Microsoft is trying hard to show people that they are serious about online storage, and I’d say they are doing a darn good job of it. They just updated their SkyDrive online file storage service with numerous new features, but more importantly they bumped up the free storage quota from a mere 5GB to 25GB. While the new limit sounds rather appetizing you should take into consideration that they do restrict individual file sizes to under 50MB. So no, you won’t be able to upload your video library.
Here are some of SkyDrive’s features (new features are highlighted in green):
- Storage: Store up to 25 gigabytes (GB) of photos and files.

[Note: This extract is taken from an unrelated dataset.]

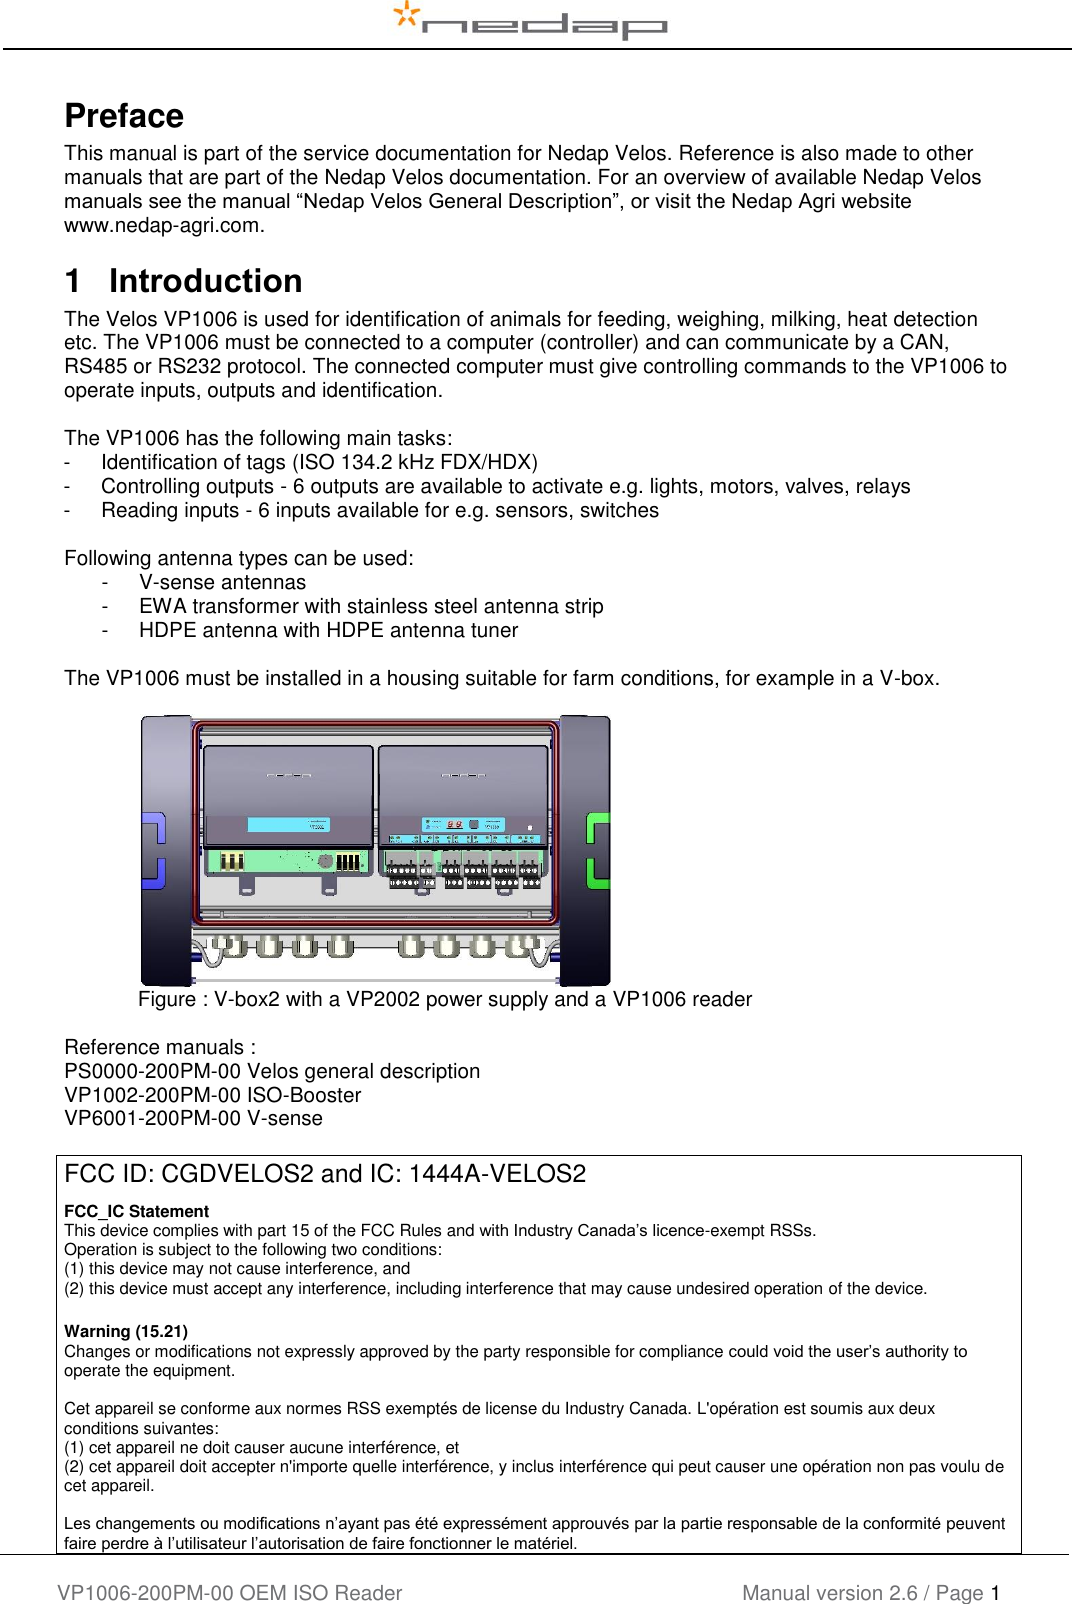    VP1006-200PM-00 OEM ISO Reader Manual version 2.6 / Page 1    Preface This manual is part of the service documentation for Nedap Velos. Reference is also made to other manuals that are part of the Nedap Velos documentation. For an overview of available Nedap Velos manuals see the manual “Nedap Velos General Description”, or visit the Nedap Agri website www.nedap-agri.com.   1  Introduction The Velos VP1006 is used for identification of animals for feeding, weighing, milking, heat detection etc. The VP1006 must be connected to a computer (controller) and can communicate by a CAN, RS485 or RS232 protocol. The connected computer must give controlling commands to the VP1006 to operate inputs, outputs and identification.   The VP1006 has the following main tasks: -  Identification of tags (ISO 134.2 kHz FDX/HDX) -  Controlling outputs - 6 outputs are available to activate e.g. lights, motors, valves, relays -  Reading inputs - 6 inputs available for e.g. sensors, switches  Following antenna types can be used: -  V-sense antennas -  EWA transformer with stainless steel antenna strip -  HDPE antenna with HDPE antenna tuner  The VP1006 must be installed in a housing suitable for farm conditions, for example in a V-box.      Figure : V-box2 with a VP2002 power supply and a VP1006 reader  Reference manuals : PS0000-200PM-00 Velos general description VP1002-200PM-00 ISO-Booster VP6001-200PM-00 V-sense  FCC ID: CGDVELOS2 and IC: 1444A-VELOS2  FCC_IC Statement This device complies with part 15 of the FCC Rules and with Industry Canada’s licence-exempt RSSs. Operation is subject to the following two conditions: (1) this device may not cause interference, and (2) this device must accept any interference, including interference that may cause undesired operation of the device. Warning (15.21)  Changes or modifications not expressly approved by the party responsible for compliance could void the user’s authority to operate the equipment.  Cet appareil se conforme aux normes RSS exemptés de license du Industry Canada. L&apos;opération est soumis aux deux conditions suivantes: (1) cet appareil ne doit causer aucune interférence, et  (2) cet appareil doit accepter n&apos;importe quelle interférence, y inclus interférence qui peut causer une opération non pas voulu de cet appareil.  Les changements ou modifications n’ayant pas été expressément approuvés par la partie responsable de la conformité peuvent faire perdre à l’utilisateur l’autorisation de faire fonctionner le matériel.

- Organization: Arrange your files in top-level folders (A folder that appears in the Documents, Favorites, or Photos sections on the Windows Live SkyDrive home page. Also known as a root folder.) and subfolders (A folder that you create inside a top-level folder.) that you create.
- Control: Choose permissions (A setting that lets you limit who can see and download files from your folders.) for each top-level folder that you create. Keep your photos, files, and favorites in personal folders (Only you can view or edit files in this top-level folder. You can use personal folders to store private files.) so only you can access them; in shared folders (Only you and people that you select can view photos and files in this top-level folder. For each person that you allow to access the top-level folder, you can assign the role of reader or editor.) so you can share them with your Windows Live network, your extended network(The people in your network on Windows Live–your Windows Live Messenger and profile contacts–plus the profile contacts of the people in your network.) , and people on your contact list (A list that contains the name and e-mail address of each of your contacts.) ; or in public folders (Anyone on the Internet can view photos and files in this top-level folder, but only you can edit the photos and files.) so that they can be viewed by anyone on the Internet.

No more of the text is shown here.